Cape Town City coolth rocks the new year in

Cape Town City coolth rocks the new year in

Spice4Life News
amarula, sculpture, ice sculpture, cape town kirstenbosch

A capacity crowd of 5 000 flocked to Kirstenbosch Botanical Gardens to celebrate the last hours of 2011 and welcome the start of 2012. The Mother City played along with near perfect weather conditions for the New Year’s Eve concert hosted by Amarula with Prime Circle as the headline act, supported by Elvis Blue.

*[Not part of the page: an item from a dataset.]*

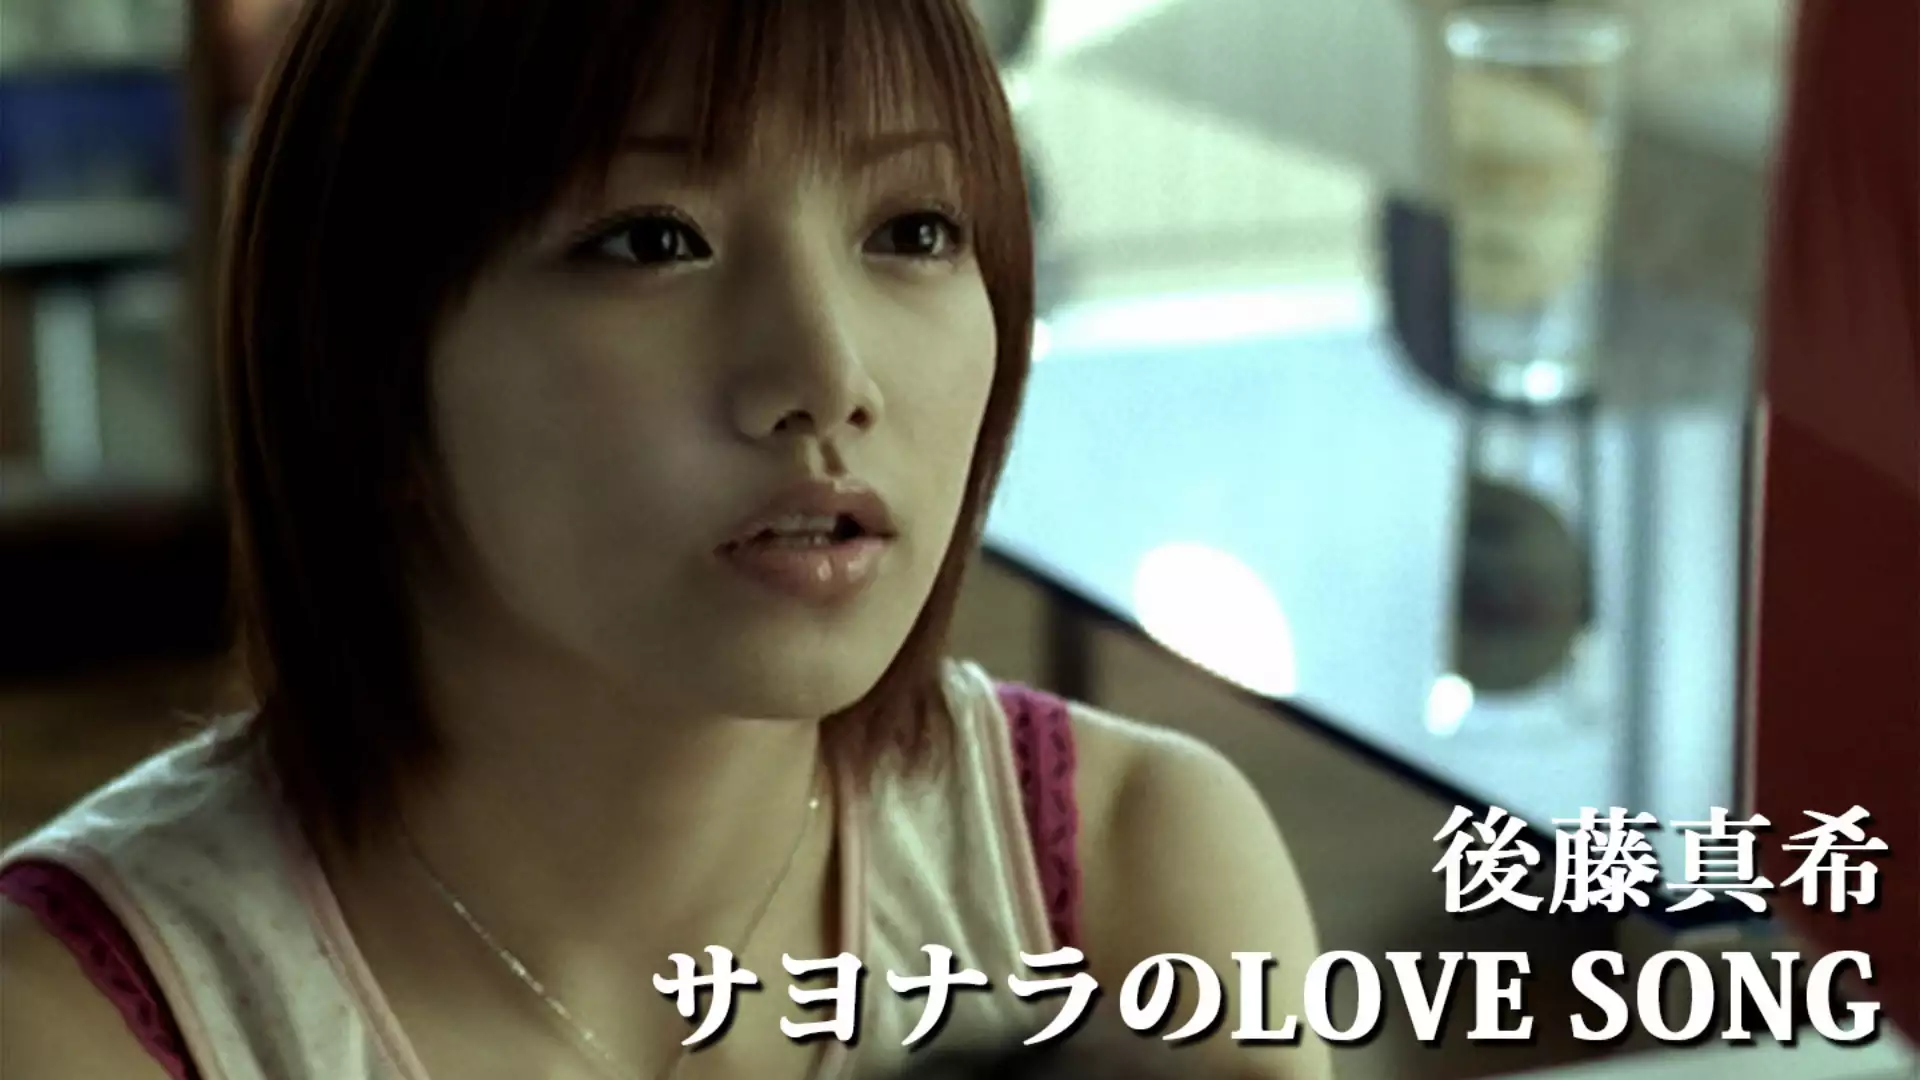 サヨナラのLOVE SONG(音楽・アイドル / 2004) - 動画配信 | U-NEXT 31

Concert-goers were greeted on arrival by a massive ice elephant, dubbed Cool Ama-Ellie.  Amarula commissioned Ice Art to produce the sculpture, created by Matt Smyth. Working from a sketch, it took him two full days to carve the animal, using 16 ice blocks of 150 kgs each. Once completed and the excess ice had been removed, the elephant clocked in at a cool 1,5 tons.  Before leaving the ice room, it had to be dismantled into three sections for transportation and took a team of eight to reassemble on site.

Standing 2,6 metres high at its highest point, the sculpture was still intact and glistening at 05:00 on New Year’s Day, 12 hours after its installation, according to Ice Art director, James Cussen.
Elephants are closely linked with Amarula, made from the fruit of the marula tree, indigenous to southern Africa. They are great lovers of ripe marulas and help to spread the seeds and ensure the continuation of the trees, which grow only in the wild.

Amarula is also a major supporter of research into elephant behaviour with findings applied in elephant conservation strategies in Southern African state-owned and private game parks.  For the past decade, the brand has been funding the Amarula Elephant Research Project, managed by Prof Rob Slotow of the Kwa-Zulu-Natal University (UKZN). It has become  recognised globally as an authority on the behaviour of African elephants and attracts international and local academic researchers of the highest calibre.